C’è da dire che chi prenderà il timone sarà finalmente un marinaio esperto e non improvvisato, fatto che nel passato è costato carissimo non solo ad Alitalia (per le continue defaillances, vabbè… disastri), ma anche ai contribuenti italiani, visto che lo Stato ci ha sempre dovuto mettere una pezza per salvare situazioni che hanno abbondantemente superato i limiti della metafisica.



Una volta mi capitò, durante una chiacchierata (una delle tante) che per un certo tempo quasi quotidianamente avevo con manager Alitalia dell’epoca, che uno di loro mi confessasse, alla vigilia delle sue dimissioni, di esserne seriamente dispiaciuto perché da poco era riuscito a capire totalmente il settore in cui lavorava. È ovvio che la persona non fosse ignorante, ma aveva tratto una conclusione altamente logica: il trasporto aereo, difatti, è un settore estremamente semplice nella sua complessità, si potrebbe dire per assurdo, per una serie di ragioni che lo rendono estremamente interessante al punto di innamorartene.
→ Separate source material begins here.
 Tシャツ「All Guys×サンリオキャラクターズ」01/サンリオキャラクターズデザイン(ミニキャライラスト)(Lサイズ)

Anzitutto perché ti obbliga a incamerare diverse culture (tecnica, finanziaria, sociopolitica ad esempio) che lo compongono e poi perché non c’è mai nulla di sicuro nei suoi assetti e le variabili cambiano spesso alla velocità della luce, per cui bisogna sapere adattarsi in un battibaleno alle nuove situazioni e affrontarle.



C’è poi da considerare pure l’aspetto multiculturale, sommato a quello di uno dei settori con un profondo know-how che investe ogni addetto ai lavori. Una volta un manager Lufthansa (quello per intenderci dalla doppia morale alla tedesca già citato in altri articoli) mi confessò che in caso di crisi l’ultima decisione che avrebbe preso per affrontarla, cercando di evitarla a ogni costo, sarebbe stata quella di licenziare il personale. Ma più in là delle ragioni etiche (era un essere umano pure lui) quello che lo spingeva a opporsi il più possibile era il fatto che il costo di ogni addetto per la sua preparazione al settore era (ed è) altissimo.
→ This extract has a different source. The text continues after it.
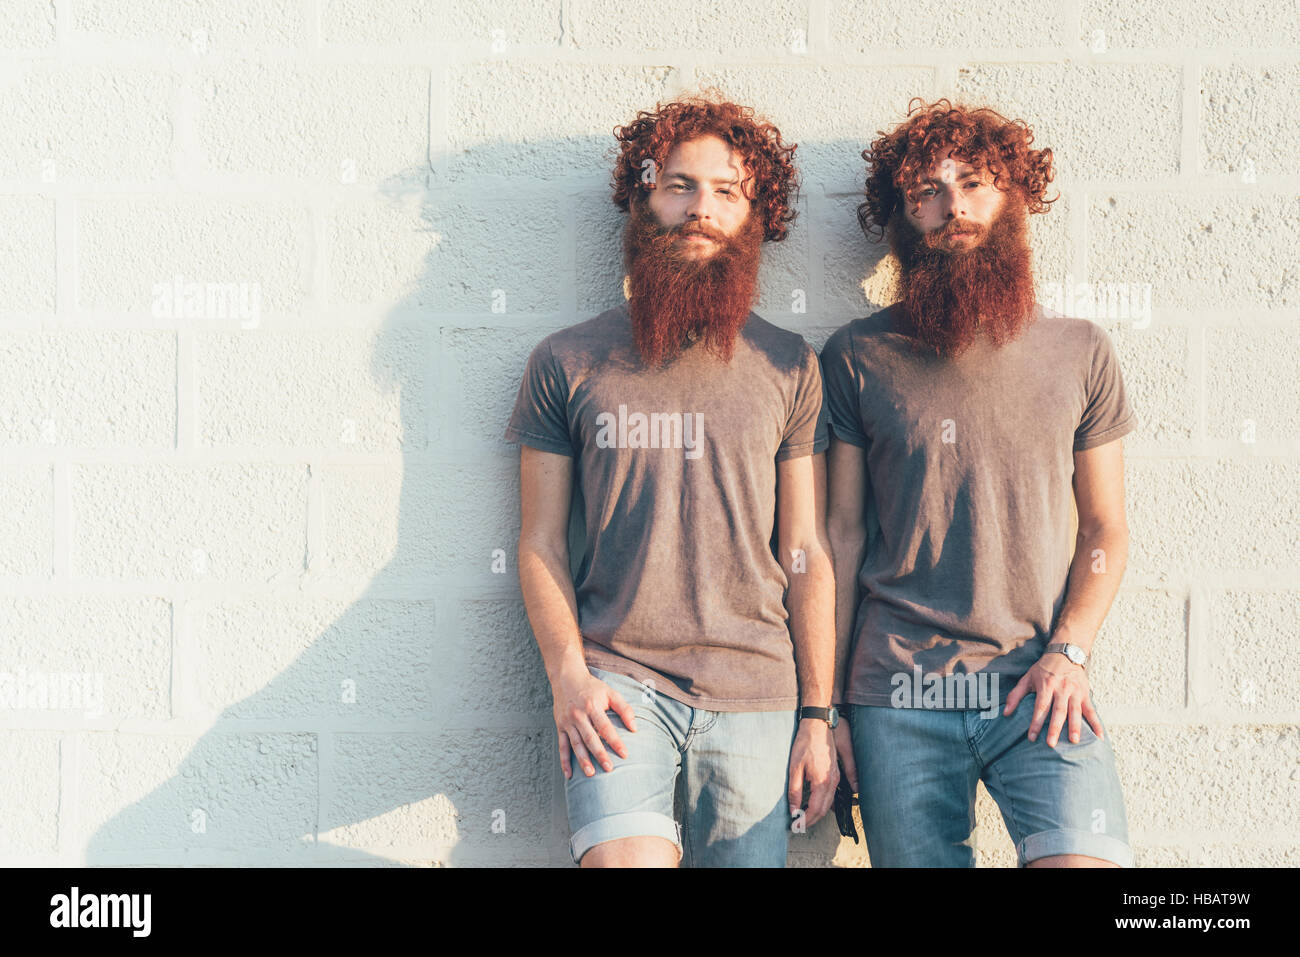 Portrait de jumeaux mâles adultes identiques aux cheveux rouges et barbes contre mur Banque D'Images

Giova forse ricordare che l’ultimo bilancio positivo per Alitalia si registrò quando l’Ad era Domenico Cempella, uno che in Alitalia era entrato con i calzoni corti, come amava definirsi: e non è un mero caso che se le decisioni che lui prese alla fine degli anni Novanta non fossero state ostacolate politicamente oggi Alitalia sarebbe ad altri, altissimi livelli.

Ecco, visto che la politica ha adottato finalmente una decisione interna, ora cortesemente ci faccia il piacere di togliere il disturbo e allontanarsi anni luce dalla cloche di comando, lasciando che siano i piloti a guidare questo difficile volo: in ballo c’è parte del futuro di un’Italia che ha una gran voglia di crescere e tornare agli alti livelli che sembrano ormai appartenere solo ai ricordi. Per far questo ha bisogno sopratutto di cultura e di persone in grado di divulgarla come il bene prezioso che può dar vita a un piccolo Rinascimento ancora possibile, perché le risorse le abbiamo sempre avute ma mai sfruttate. Quindi, per favore, lasciamo l’ignoranza fuori e torniamo a costruire, pure con i necessari sacrifici, quel modello di Paese che siamo riusciti a distruggere.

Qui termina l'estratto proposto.